Task statement:
Starting with the line that has "Пример написания английского" in the records below and stopping after the line that has "Lumineux spectaculaires fleurs", output every line exactly and nothing else; skip pictures.

Record set:
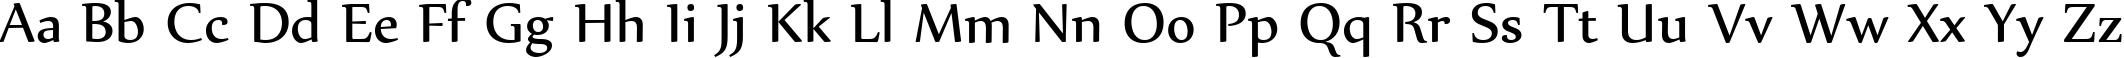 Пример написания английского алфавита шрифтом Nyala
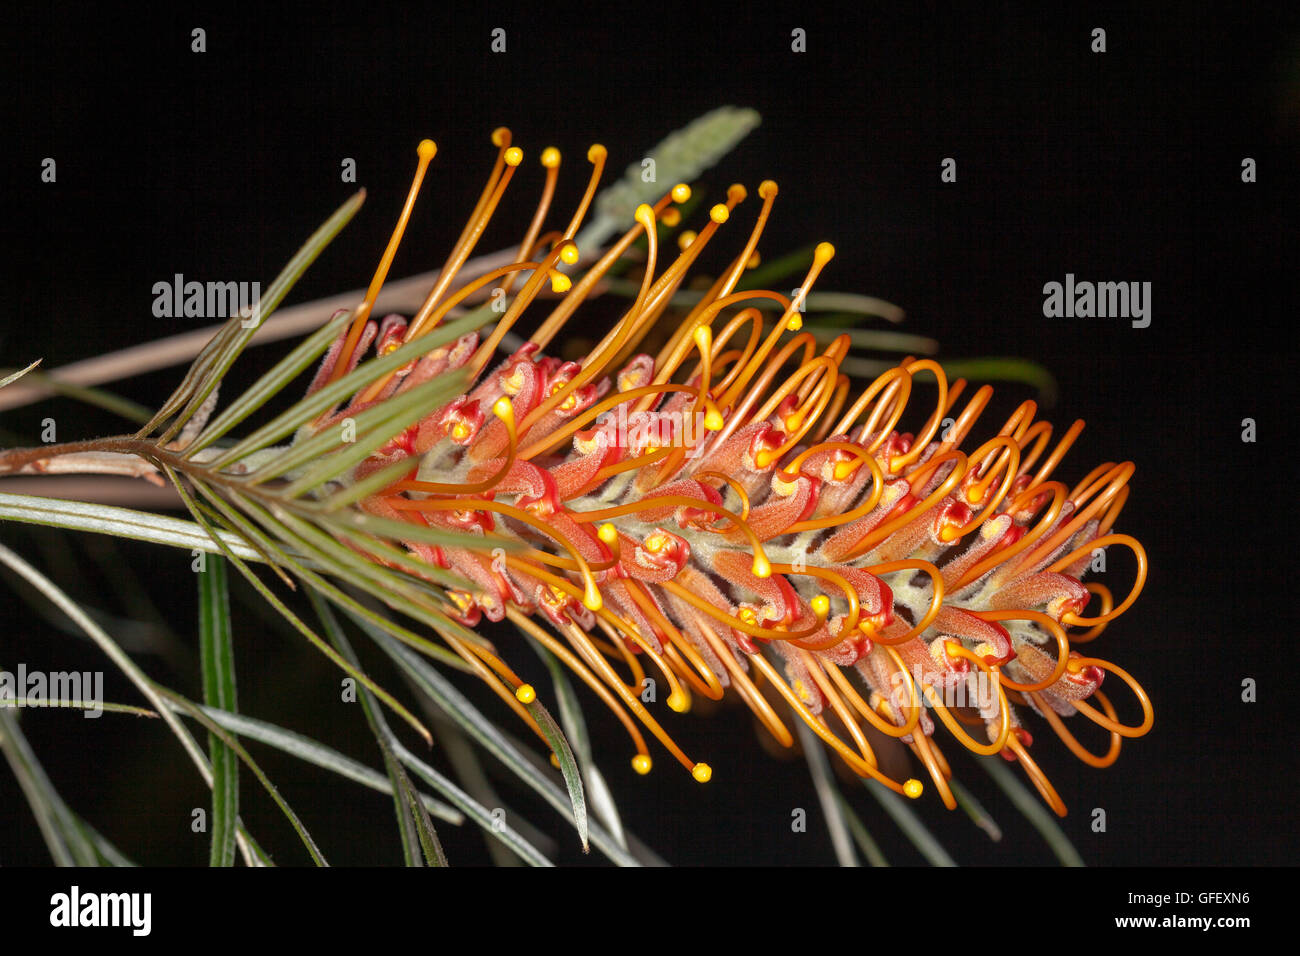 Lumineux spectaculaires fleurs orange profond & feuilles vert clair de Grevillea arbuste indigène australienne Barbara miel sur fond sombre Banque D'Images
--
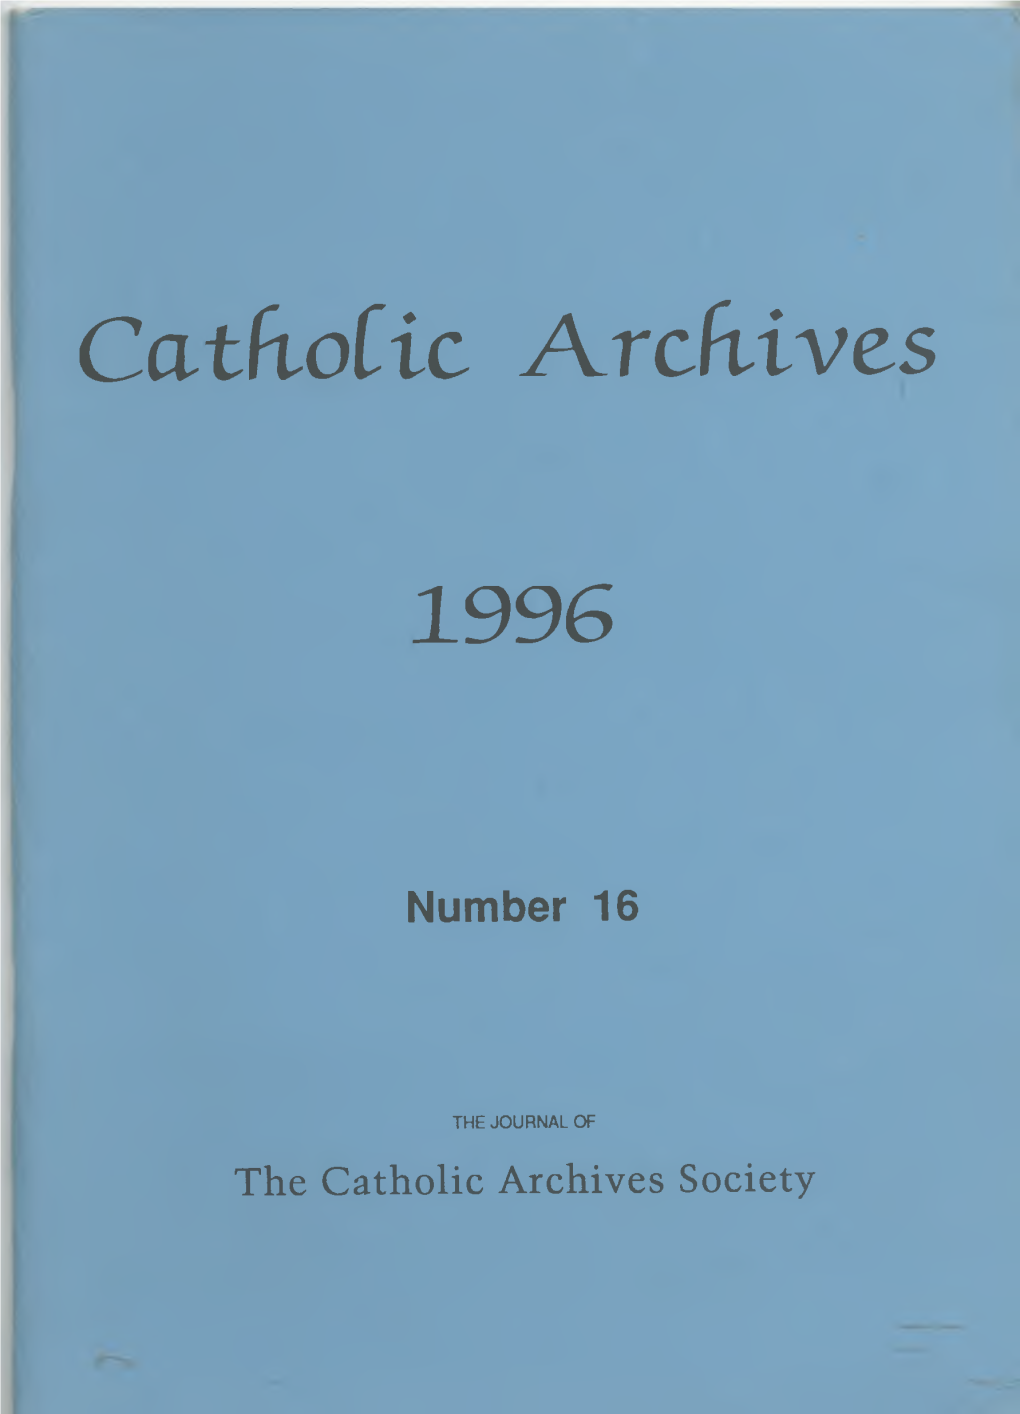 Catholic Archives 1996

Exercise answer:
 Пример написания английского алфавита шрифтом Nyala
 Lumineux spectaculaires fleurs orange profond & feuilles vert clair de Grevillea arbuste indigène australienne Barbara miel sur fond sombre Banque D'Images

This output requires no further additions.